R. Sakkarapani is an Indian politician, Minister of Tamil Nadu, and incumbent Member of the Legislative Assembly of Tamil Nadu who has been elected from Oddanchatram constituency for five consecutive periods and now as the sixth term. A member of the Dravida Munnetra Kazhagam (DMK) party, he won in 1996, 2001, 2006, 2011, 2016, 2021 and 2026 elections.

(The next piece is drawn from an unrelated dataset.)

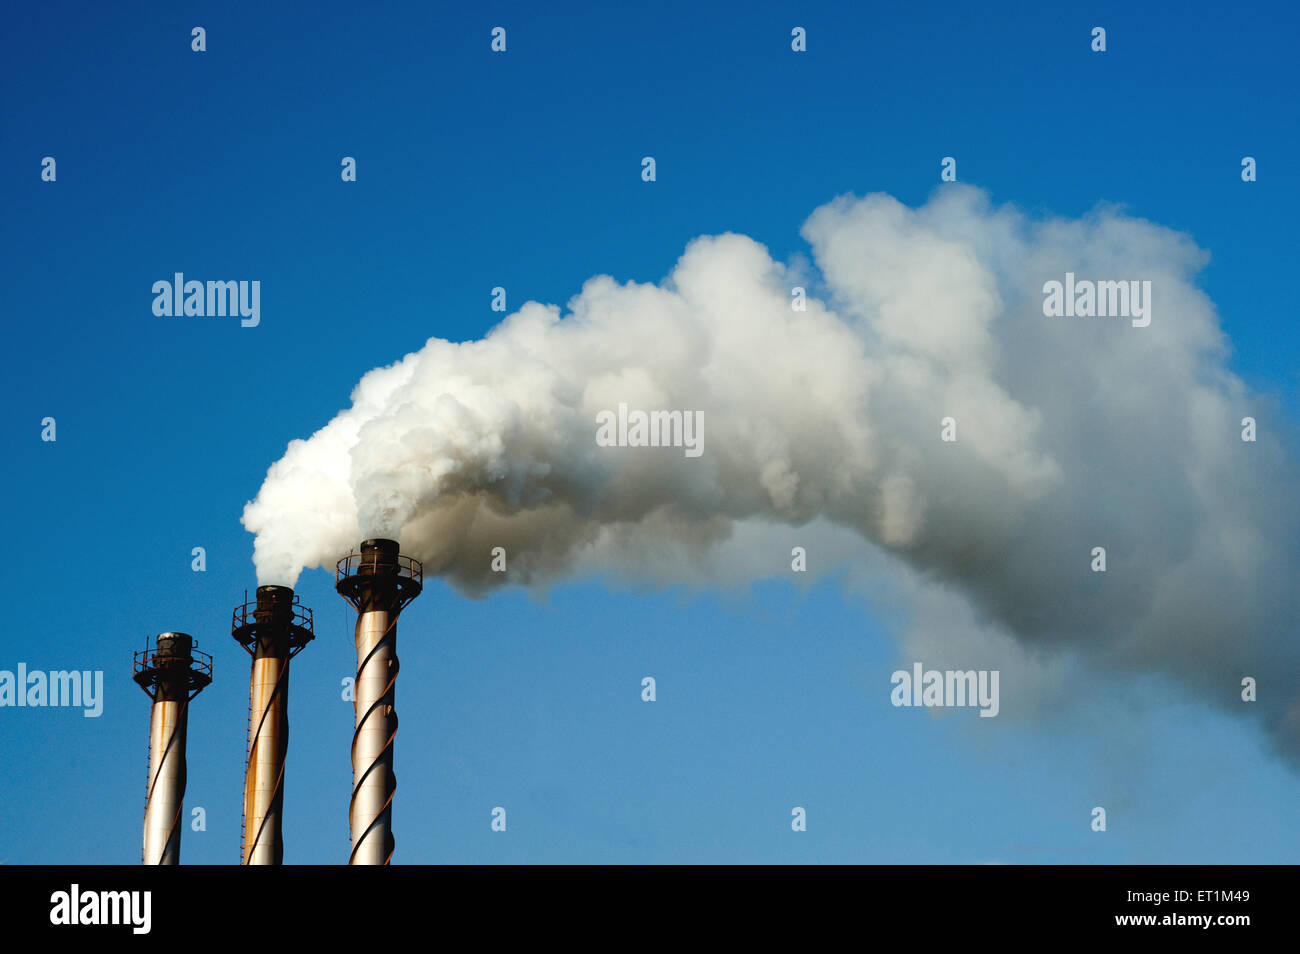 Industrial chimney smoke pollution Stock Photo

He was the Chief Government Whip of the Tamil Nadu Legislative Assembly from 2006 to 2011 and as a DMK Whip from the 2011 to 2016 Legislative assembly and also from the 2016 to 2021 assembly. He was appointed the Minister for Food and Civil Supplies of Tamil Nadu for the first time in Thiru M. K. Stalin's cabinet. He is one among the only 3 members who were consecutively elected to Tamil Nadu assembly from 1996 onwards for the sixth time consecutively, which record he holds along with his party counterparts M. K. Stalin and Duraimurugan.

==Birth==

Sakkarapani was born in a village Kaaliyappagoundanpatti (Pungavalasu) near Kallimandayam.

== Elections contested ==

| Elections | Constituency | Party | Result | Vote percentage | Opposition Candidate | Opposition Party | Opposition vote percentage |
|---|---|---|---|---|---|---|---|
| 1996 Tamil Nadu state assembly election | Oddanchatram | DMK | Won | 58.57 | K Sellamuthu | AIADMK | 26.08 |
| 2001 Tamil Nadu state assembly election | Oddanchatram | DMK | Won | 46.4 | A T Sellasamy | AIADMK | 45.2 |
| 2006 Tamil Nadu state assembly election | Oddanchatram | DMK | Won | 53.66 | K P Nallasamy | AIADMK | 36.93 |
| 2011 Tamil Nadu state assembly election | Oddanchatram | DMK | Won | 51.99 | P Baalasubramani | AIADMK | 43.14 |
| 2016 Tamil Nadu state assembly election | Oddanchatram | DMK | Won | 64.26 | K Kittusamy | AIADMK | 29.56 |
| 2021 Tamil Nadu state assembly election | Oddanchatram | DMK | Won | 54.51 | N P Nataraj | AIADMK | 40.26^{[citation needed]} |
| 2026 Tamil Nadu state assembly election | Oddanchatram | DMK | Won | 46.17 | Vidiyal S. Sekar | TMC(M) | 24.72^{[citation needed]} |

==Elections==

Sakkarapani contested his first election in 1996 from the Oddanchatram constituency. He defeated K. Sellamuthu of ADMK by 36823. He contested his second election from the same constituency in 2001, irrespective of ADMK sweeping the state, Sakkarapani won the Constituency by 1369 votes. In 2006 again contested from the same Oddanchatram constituency and he won by a margin of 19903. He was selected as Tamil Nadu government whip and also for the ruling party DMK. In 2011, Sakkarapani won against huge anti-incumbency by 14933. In the 2016 election, Sakkarapani defeated the ADMK candidate Kittusamy by a margin of 65727. His winning margin is second highest in the state behind DMK supremo Karunanidhi.